DE102008061732A1 - Endless revolving conveyer belt for belt conveyor for continuous transportation of bulk goods, has position markers embedded in belt in form of magnetizable elements, where positions of markers are detected by magnetic field detector - Google Patents

Abstract

The belt (2) has traction carriers extending in a belt running direction, and position markers embedded in the belt in the form of magnetizable elements. The position markers are provided below or above or between the traction carriers, and are arranged at a distance to each other. Steel mesh-elements, steel strands, steel cables or steel wires are provided as the position markers, which are vulcanized in the belt. Positions of the position markers are detected by a magnetic field detector, where the belt is made of rubbery-elastic material. An independent claim is also included for a method for recognizing and detecting an edge position of a conveyer belt during operation of a belt conveyor.

Description

The The invention relates to an endlessly circulating conveyor belt for a belt conveyor for continuous Bulk transport, made of rubber-elastic material, with in these embedded, extending in the belt direction of travel Fabric or steel cable carriers.

The The invention further relates to a method for detection and detection the edge position of conveyor belts during operation of a belt conveyor.

Gurtbandförderanlagen with conveyor belts made of rubber-elastic material are common as a bulk carrier in mining operations application, for example in open-pit operations. The masses to be transported are on promoted an endless revolving webbing.
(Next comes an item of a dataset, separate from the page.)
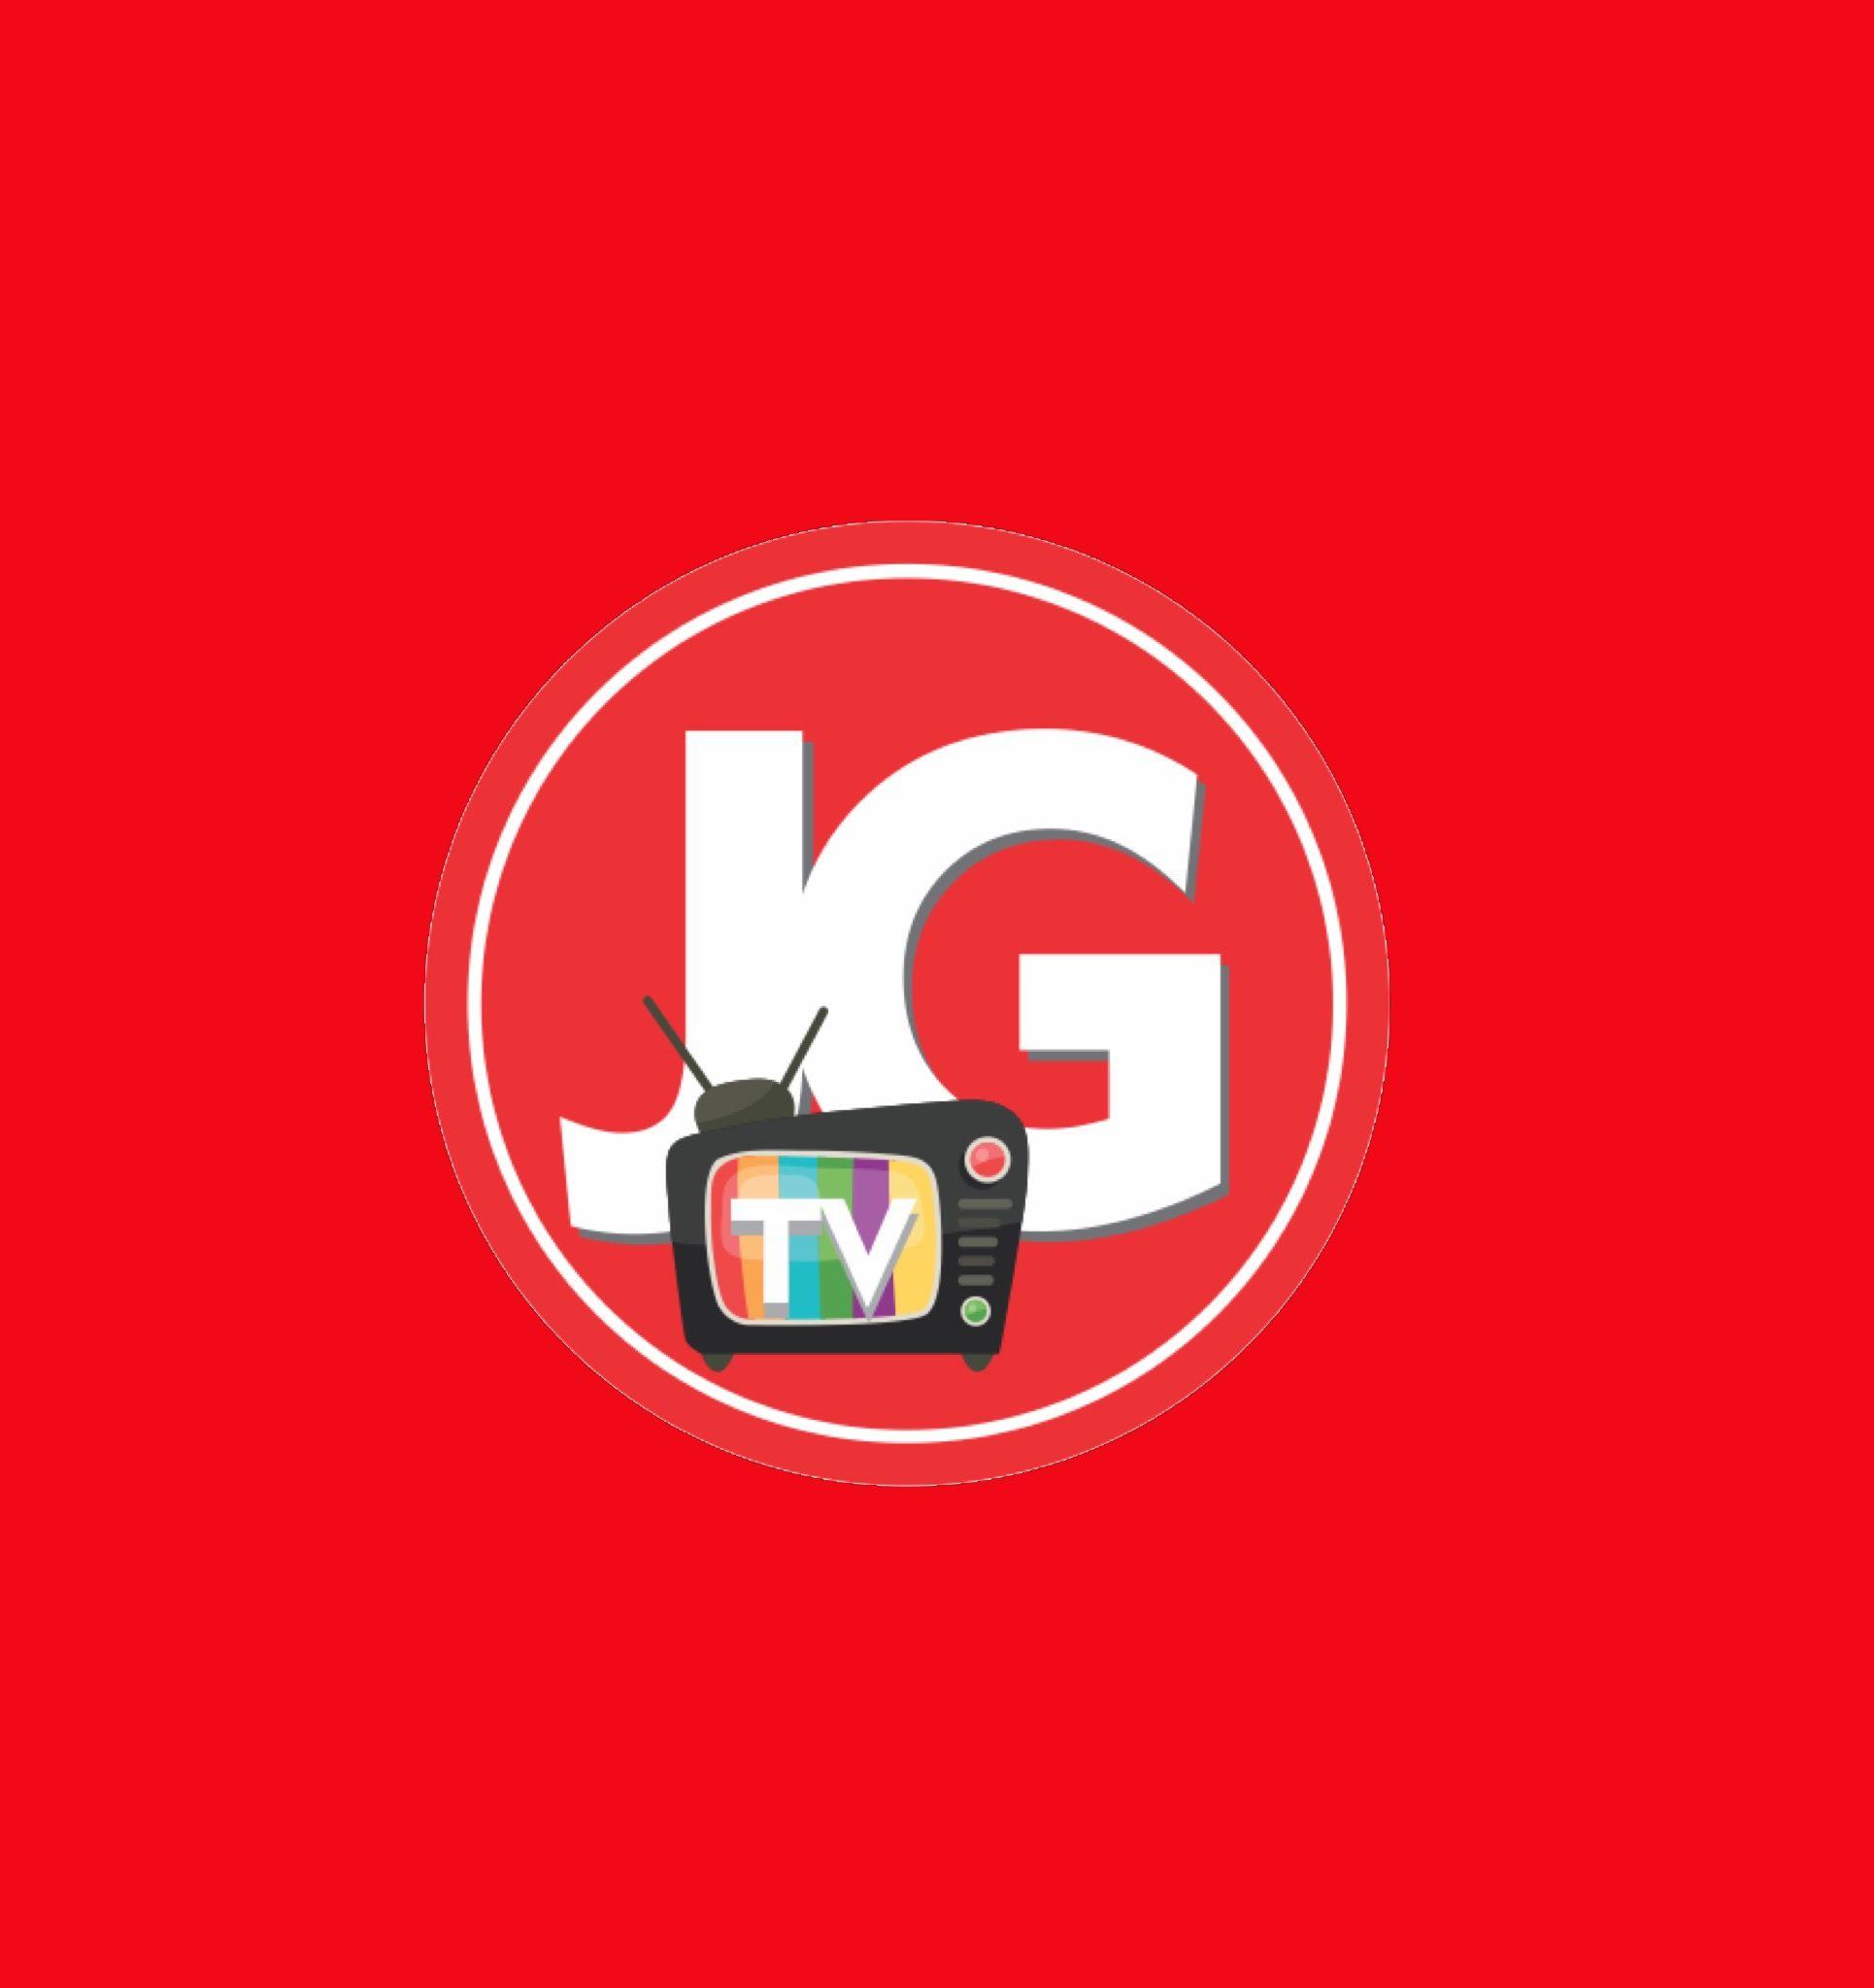 Logo JG  Nupapel Designer  www.nupapel.com WhatsApp 81-98161-8181 Instagram @nupapel Facebook Nupapel Designer

At least one of the reversal points of the strap is frictionally initiated the required traction.

usual Conveyor belts consist of several vulcanized ones Rubber layers, which are usually a base layer and a running layer and a tensile carrier layer. In the tension carrier layer are in the longitudinal direction or in Gurtzugrichtung tensile embedded in the form of steel cables. In a lignite mining day frequently used steel cord conveyor belt For example, steel cables as tension members with a diameter of 9.5 mm at a pitch of 16 mm. A belt of width 2700 mm contains 165 of these ropes. The steel cord conveyor belt is regularly the most expensive component of a long Conveyor belt system.

one the most common damage to conveyor belts is the so-called edge damage, where the conveyor belt does not run in the middle of the troughs that define the trough, but starts against construction components. It will The rubber edge demolished, often in the Rubber embedded steel cables ripped or damaged. The straight-line control of conveyor belts in belt conveyors The type described above is therefore a very special significance to. An essential measure to prevent such Running disturbances is the exact alignment of the carrying roller stands. Nevertheless, it also comes in precisely aligned Carrying roller stands for straight running disturbances, z. B. by unilateral loading or different friction conditions at the Gurtführungseinrichtungen.

Around to recognize the skew of the conveyor belt, it is known, on both sides of the conveyor belt tracing rollers, Provide ultrasonic sensors or magnetic inductive sensors.

These Systems assume that the belt edge is essentially undamaged is. If the belt edge is already damaged, leave it the actual belt position with the measures described above however, do not reliably capture, as these measures depend on the detection of the belt edge.

Of the The invention is therefore based on the object, a conveyor belt of the type mentioned above to improve such that a reliable Position recording is possible. In addition lies The invention is based on the object, a method for detection and detecting the position of conveyor belts during operation of a To provide belt conveyor, which is more reliable as the already known method works.

The Task is first solved by an endless revolving conveyor belt for a belt conveyor for continuous bulk material transport, made of rubber-elastic Material with embedded in this, in the belt direction extending tension members, which is characterized in that in the conveyor belt one or more spaced apart arranged position markings in the form of magnetizable elements embedded, whose position can be detected by magnetic field detector is.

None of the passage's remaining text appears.